Crafting Commons and Listening Space at Our Networks 2020
Our Networks is a conference about the past, present, and future of building our own network infrastructures. The event brings together enthusiasts, hardware and software hackers, researchers, organizers and more to collectively explore creative and critical engagements with the Internet and alternative infrastructures.
The topic this year was Growing Our Networks in Uncertain Times↔Places and I had the great opportunity to participate with two events, a roundtable discussion which we organized and moderated together with Gabrielle Benabdallah (DXARTS SoftLab collaborator and HCDE PhD student), as well as an online performance of our collective project Listening Space, with Audrey Briot.
Here’s some words about the two events and some documentation from the conference:
Crafting Commons: A round table on cybercraft networks
Craft practices rely on the exchange and transmission of techniques, technical skills, tacit and explicit knowledge about materials and methods but also on the circulation of common values and ethos, fostering shared mindsets and communities.
Many of these communities around the world are developing and passing on these technical and cultural legacies to fellow practitioners, creating cultural and intellectual commons in the same movement, by organizing autonomous conferences, camps, short residency programs, and working collaboratively bringing local and international networks together.

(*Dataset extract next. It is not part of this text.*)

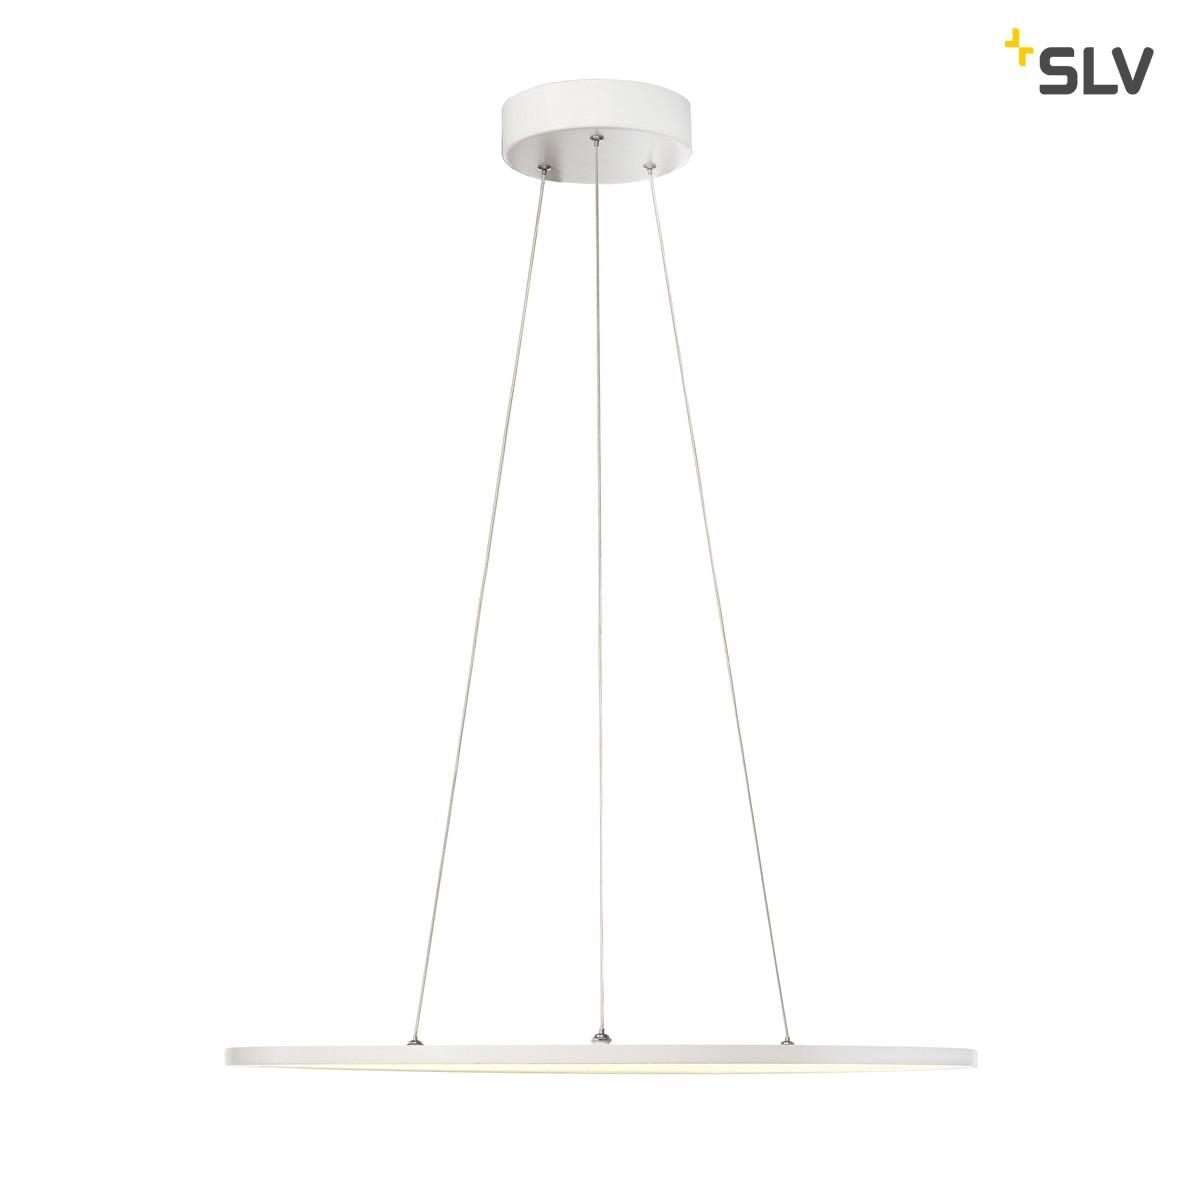 SLV LED Panel Pendelleuchte, 3000°K, weiß

This session proposes to bring several of these practitioners together to discuss what their practices create beyond artifacts, and how they contribute to establishing self-determined communities and to fostering commons.
Assignees: Afroditi Psarra, Gabrielle Benabdallah, Heidi Biggs, Audrey Briot, Shih Wei Chieh, Amor Muñoz, Constanza Piña, Melissa Aguilar.
Here are some screenshots from the live stream:
Listening Space
Listening Space is an artistic research that explores transmission ecologies as a means of perceiving the surrounding environment beyond our human abilities. Conceptually the project seeks to define transmissions ecologies as raw material for artistic expression, to understand and re-imagine in poetic means, representations of audio and images broadcasted from space. The artists are creating cyber physical systems for sensing the invisible universe that surrounds us. By using open-source tools, DIY electronics, hardware hacking and digital crafts, they aim to approach art and science and create artifacts that explore the idea of citizen science. Specifically, by focusing on electromagnetic-field (EMF) and radio frequency (RF) detection, they aim to re-claim the depth of transmission ecologies, evolving at a higher rhythm than liveness, through our environment and bodies.
The aim of this performance is to share the process of listening, intercepting and decoding satellite data, and to make this process into a participatory experience. The participants will engage with software-defined radio techniques, will learn about DIY antennas, and RF sensing. The satellite transmissions are sonic, and rhythmical so sound will be a prominent feature of the performance. Our ultimate goal is to plant the seeds on hacking telecommunication systems through diy techniques, initiate a discussion on transmission ecologies, and along the way, to create an immersive shared experience about the invisible information networks that surround us. Lastly, the recorded transmissions will be shared with the public both in a .wav and in a .png format as an archive of the lived experience, which they can further use/manipulate for other research and art practices.